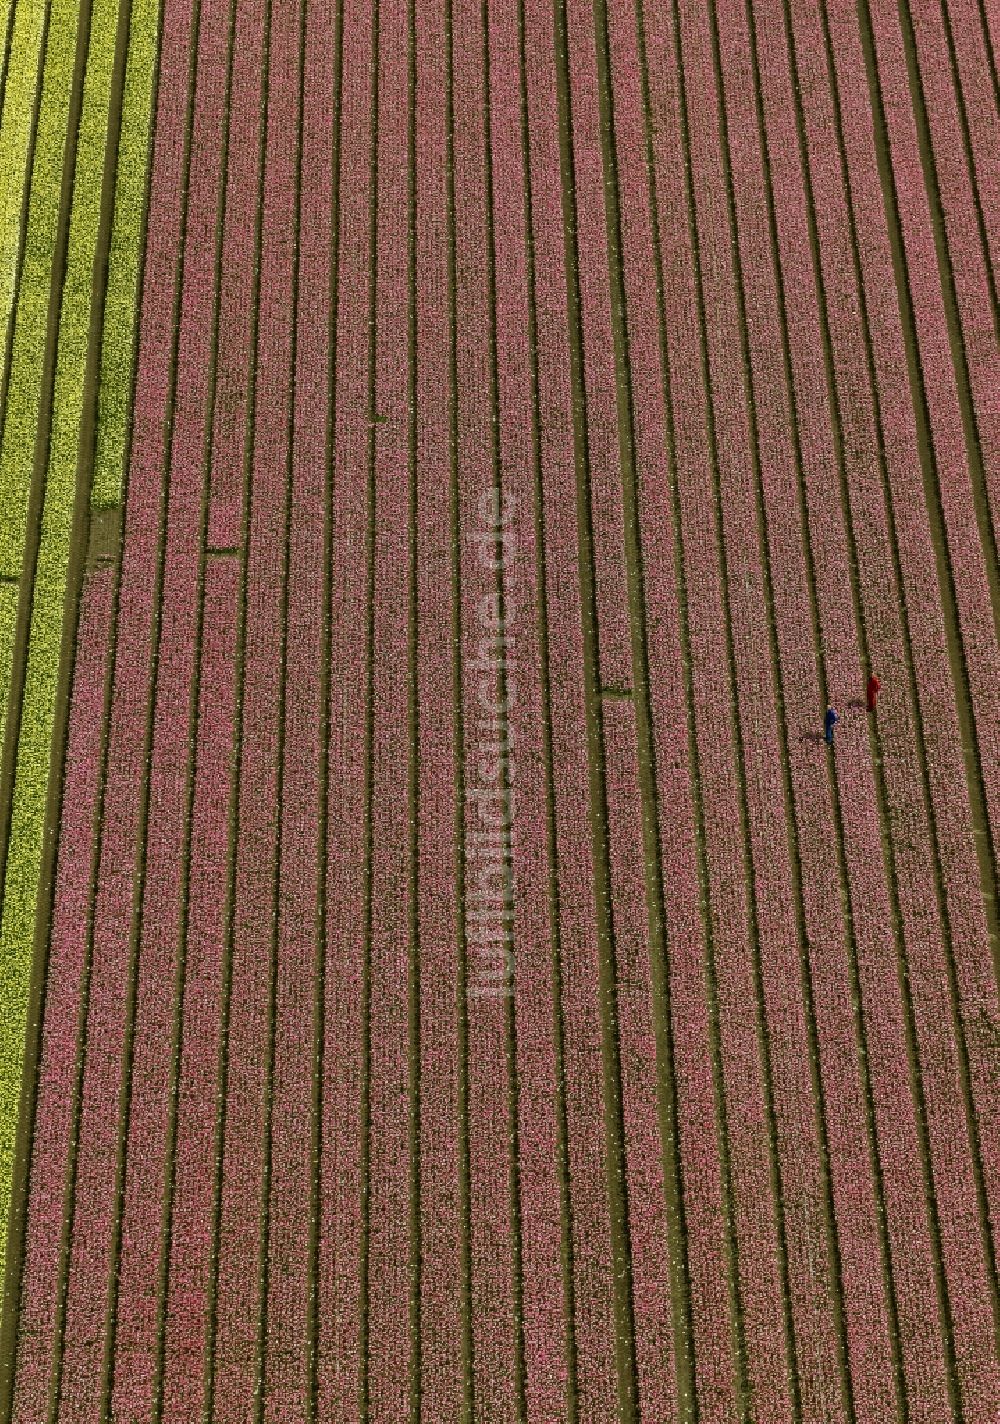 Luftaufnahme Zuidoostbeemster - Landwirtschafts - Landschaft mit Tulpenfeldern zur Blumenproduktion bei Zuidoostbeemster in Nordholland in Holland / Niederlande
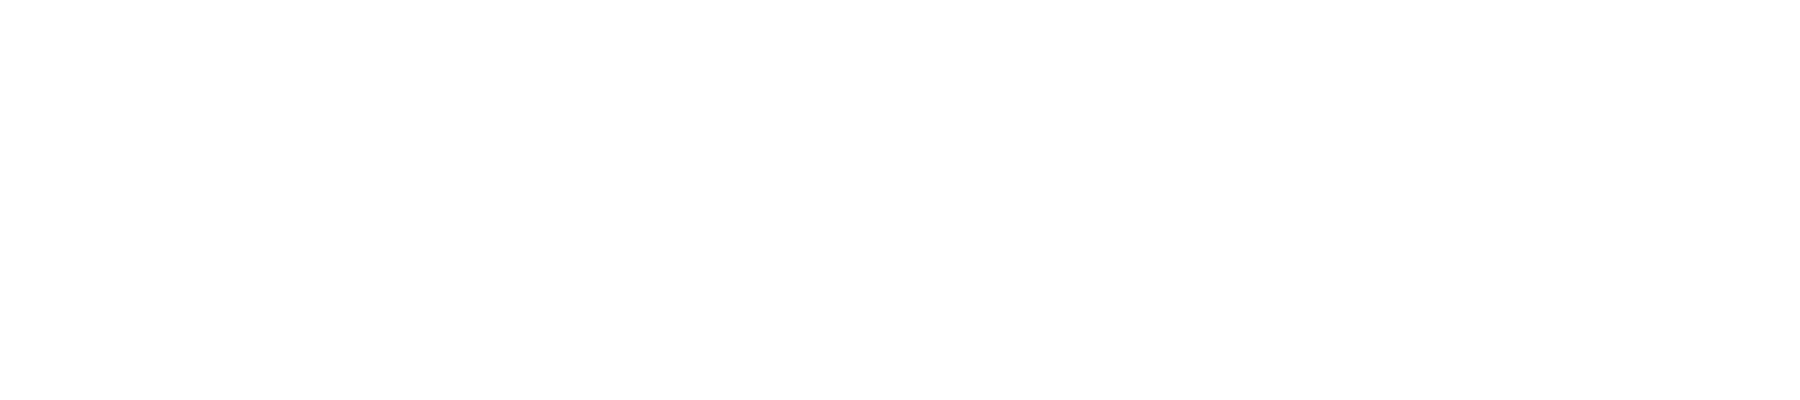 Milena Sidorova [official website]
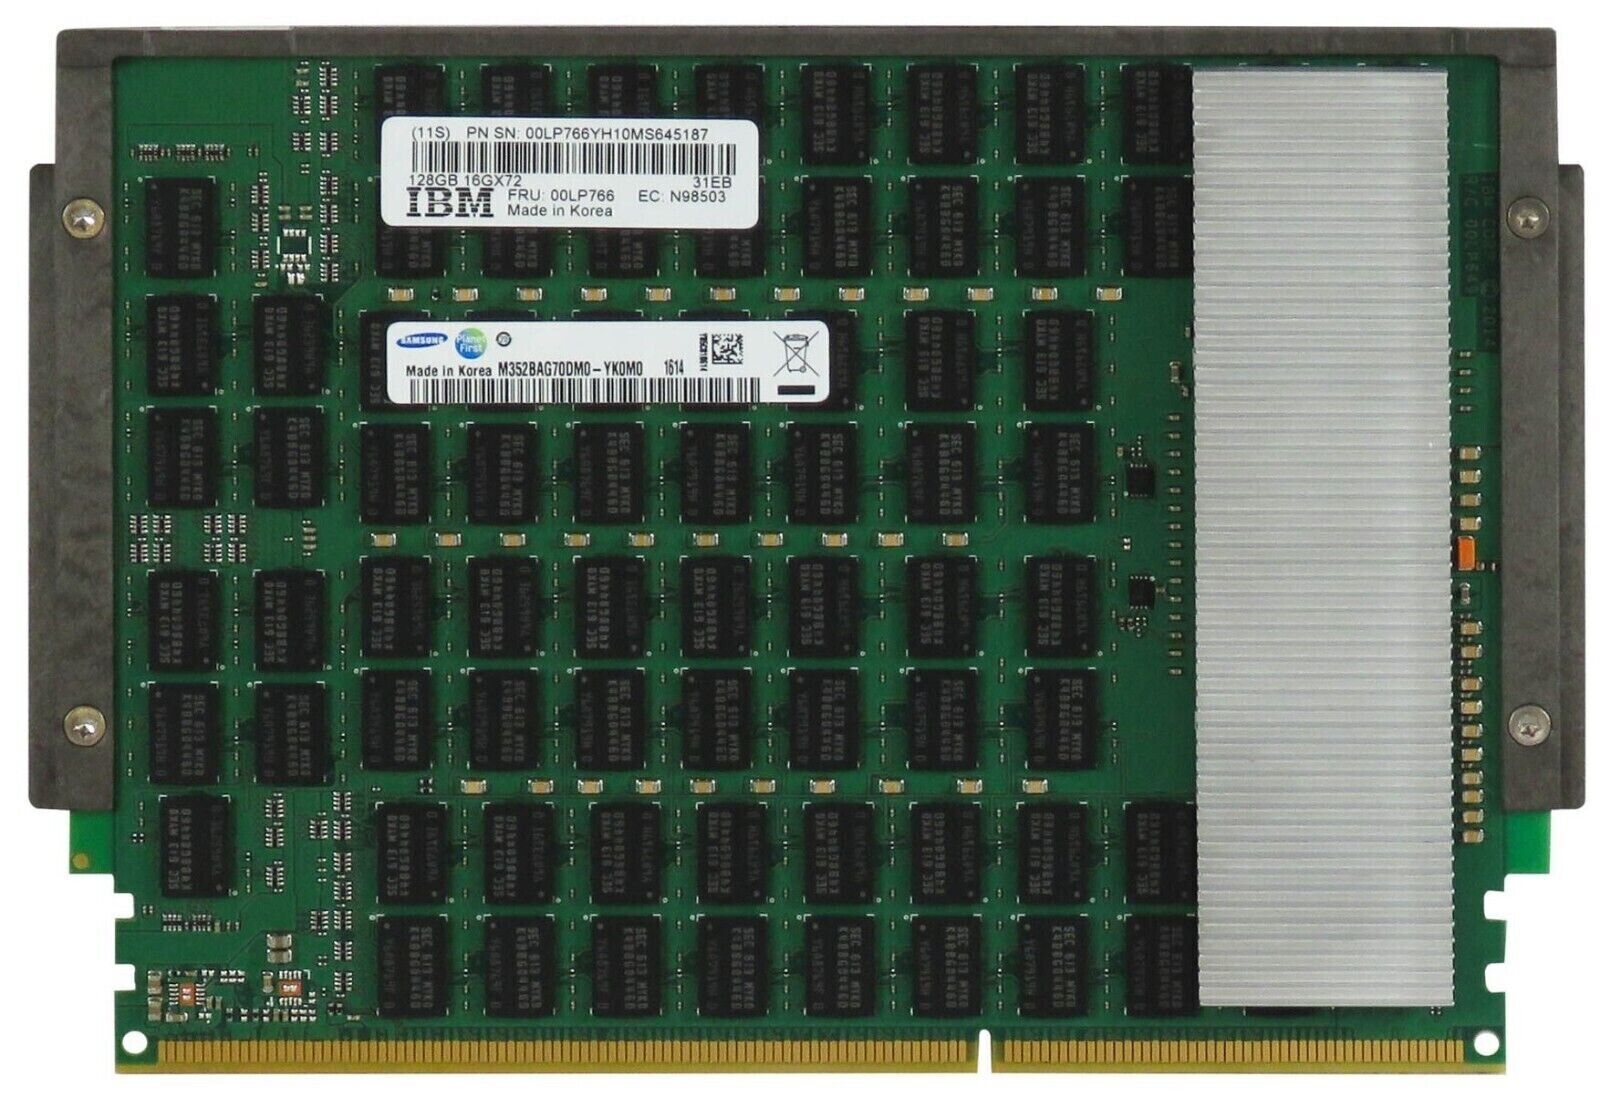 IBM 00LP766 128GB DDR3 16Gx72 CDIMM RAM Memory M352BAG70DM0-YK0M0
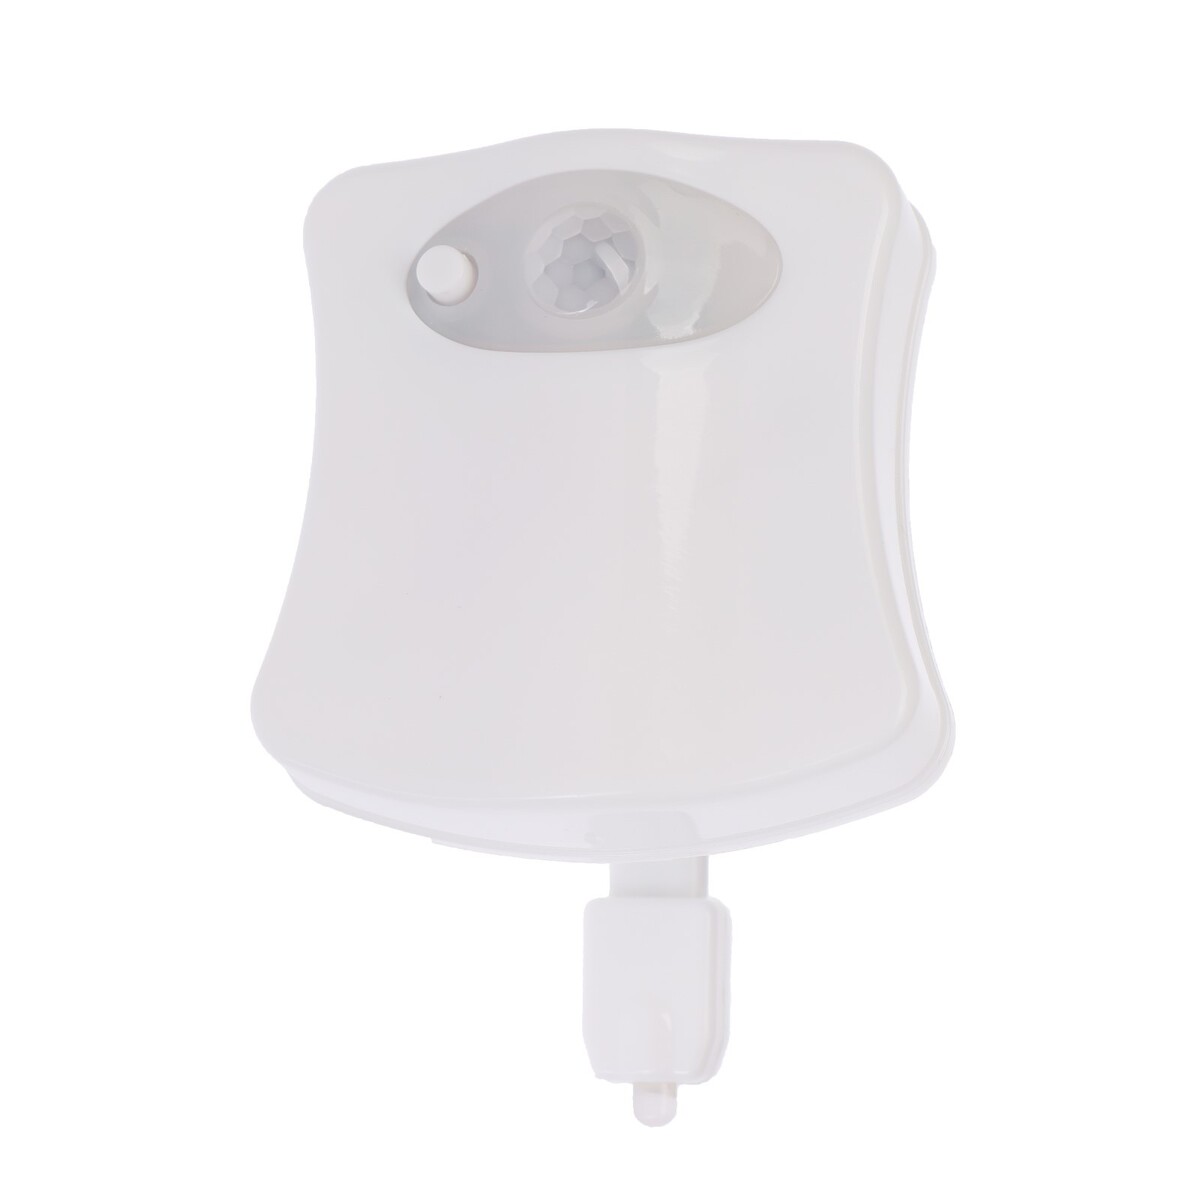 Светильник для туалета с датчиком движ., rgb, 3 вт, ip68, от бат. 3*aaa, белый встраиваемый светильник для лестницы 1 5 вт 60 лм 6500к ip20 220 в белый свет
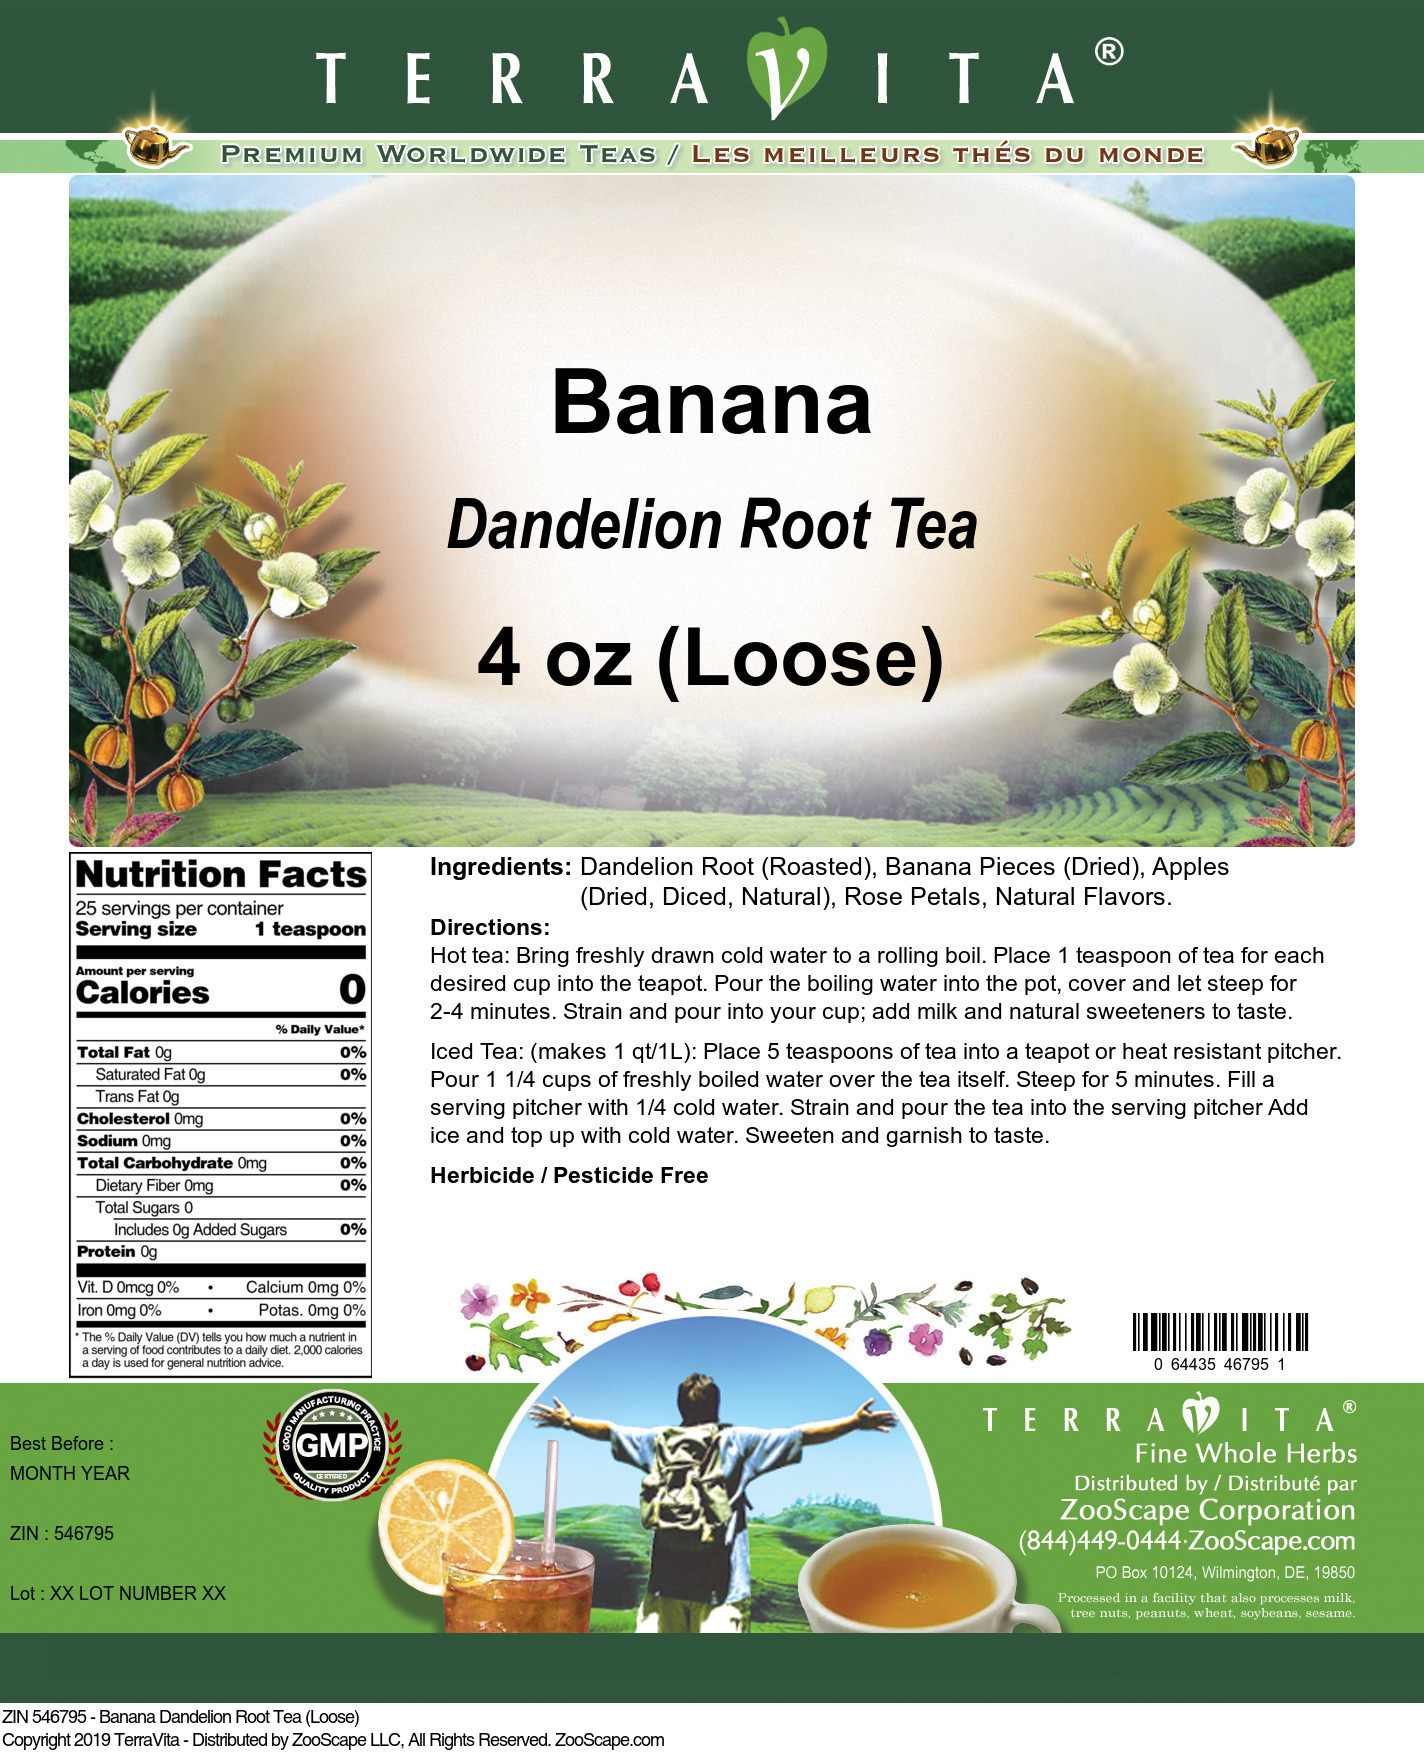 Banana Dandelion Root Tea (Loose) - Label

━━━━

== WHAT IS EXPECTED ==
In the copy, include no pictures; restate the listing above exactly.

== SOLUTION TO THIS PROBLEM ==
 Luftaufnahme Zuidoostbeemster - Landwirtschafts - Landschaft mit Tulpenfeldern zur Blumenproduktion bei Zuidoostbeemster in Nordholland in Holland / Niederlande
 Milena Sidorova [official website]
 IBM 00LP766 128GB DDR3 16Gx72 CDIMM RAM Memory M352BAG70DM0-YK0M0
 Светильник для туалета с датчиком движ., rgb, 3 вт, ip68, от бат. 3*aaa, белый встраиваемый светильник для лестницы 1 5 вт 60 лм 6500к ip20 220 в белый свет
 Banana Dandelion Root Tea (Loose) - Label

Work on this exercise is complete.